11 NF- κ B Inducing Kinase (NIK) Attenuates Top-Down Tumorigenesis During Colorectal Cancer by Regulating Epithelial Cell Proliferation-Differentiation Axis

Holly A. Morrison 1 ; Audrey Rowe 1 ; Kristin Eden 1 ; Daniel E. Rothschild 1 ; Katherine Baumgarner 2 ; Stephan Brown 2 ; Eda Holl 3 ; Irving C. Allen 1 Corresponding author:

1 Virginia-Maryland College of Veterinary Medicine, Blacksburg, 2 Edward Via College of Osteopathic Medicine-Carolinas Campus 3 Duke University, Durham

Patients with a medical history of Inflammatory Bowel Disease are predisposed to colorectal cancer with greater than 20% developing colitis-associated colorectal cancer (CAC) due to inflammation-induced tumorigenesis.
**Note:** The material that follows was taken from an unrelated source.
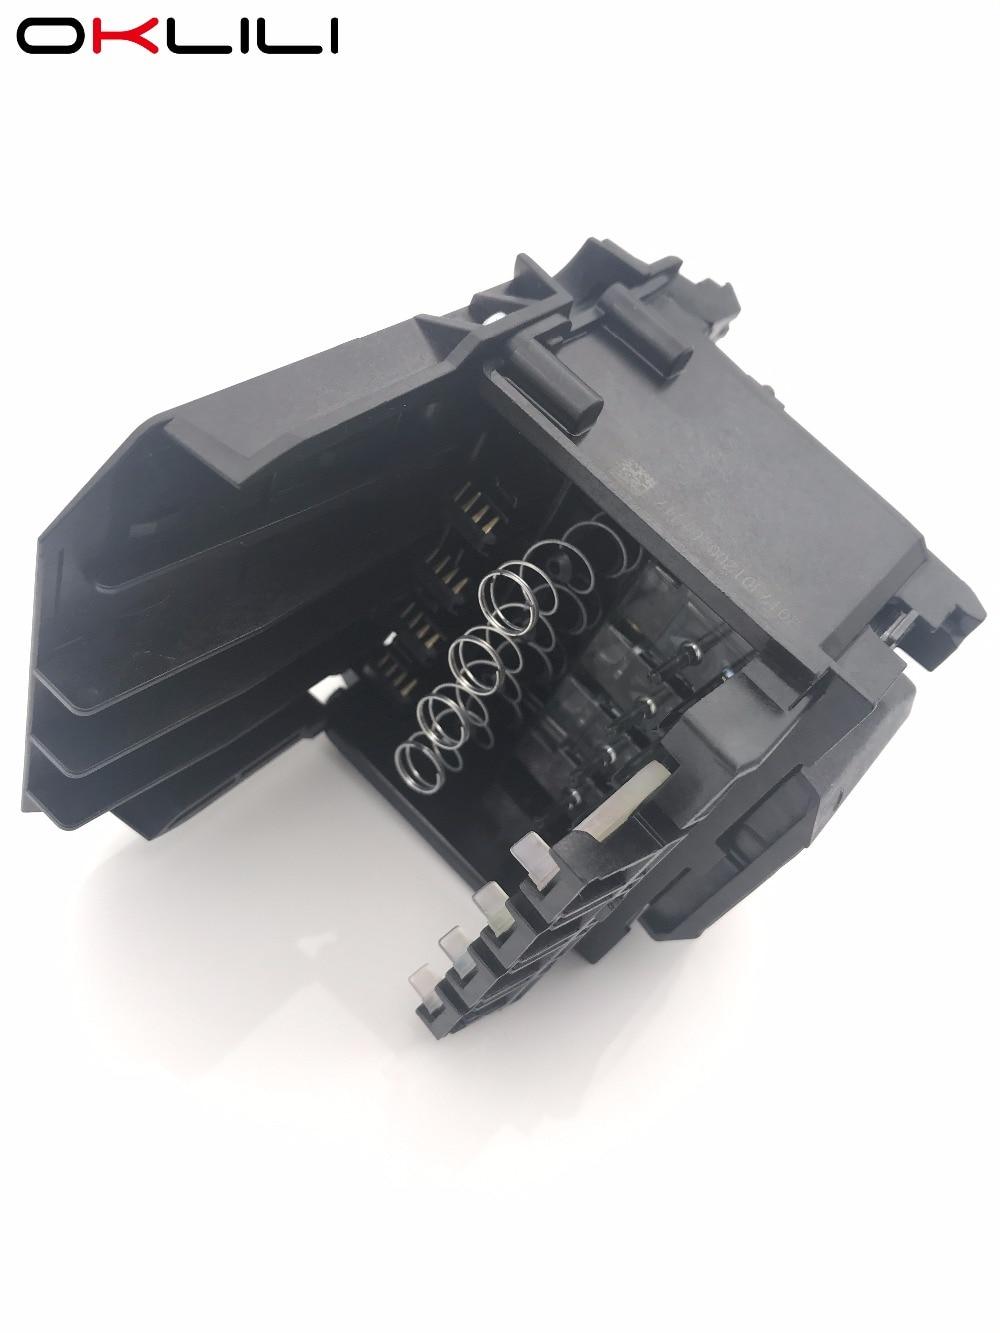 CB863-80013A CB863-80002A 932 933 932XL 933XL Druckkopf Drucker druckkopf für HP 6060e 6100 6100e 6600 6700 7110 7600 7610 7612

Although a hyper-proliferative pool of stem cells in colonic crypts is widely predicted to be the cell-of-origin for CAC, impaired regulation of intestinal epithelial cell (IEC) proliferation is also a critical feature in colorectal cancer development. We hypothesize that proper noncanonical NF-κB signaling requiring stabilization of the NF-κB inducing kinase (NIK) is essential for protection against colorectal cancer and functions through the epithelial cell compartment. Here, we show that NIK attenuates colorectal cancer through the regulation of IEC regeneration and differentiation mediated by noncanonical NF-κB signaling. Murine models with

conditional knockout of NIK in IECs demonstrate increased susceptibility to inflammation-induced tumorigenesis following the chemical induction of AOM/DSS. Mechanistic studies using crypts and organoids further revealed an imbalance of proper apoptosis and proliferation signaling, with colonic crypts having increased accumulation of mature, non-dividing IECs. This suggests a model for Top down tumorigenesis as terminally differentiated IECs lack proper turnover and compensate for decreased regenerative capacity from the stem cell niche by acquiring stem-cell like features. Our work has clinical relevancy as human CAC biopsy samples have diminished noncanonical NF-κB signaling, including significantly decreased gene expression of NIK ( MAP3K14 ) and effector chemokines produced

( CXCL12, CXCL13, CCL19, CCL21 ). Here, we present a novel role for noncanonical NF-κB signaling in regulating IEC regeneration and differentiation in protecting against CAC development and may serve as potential biomarkers for early detection.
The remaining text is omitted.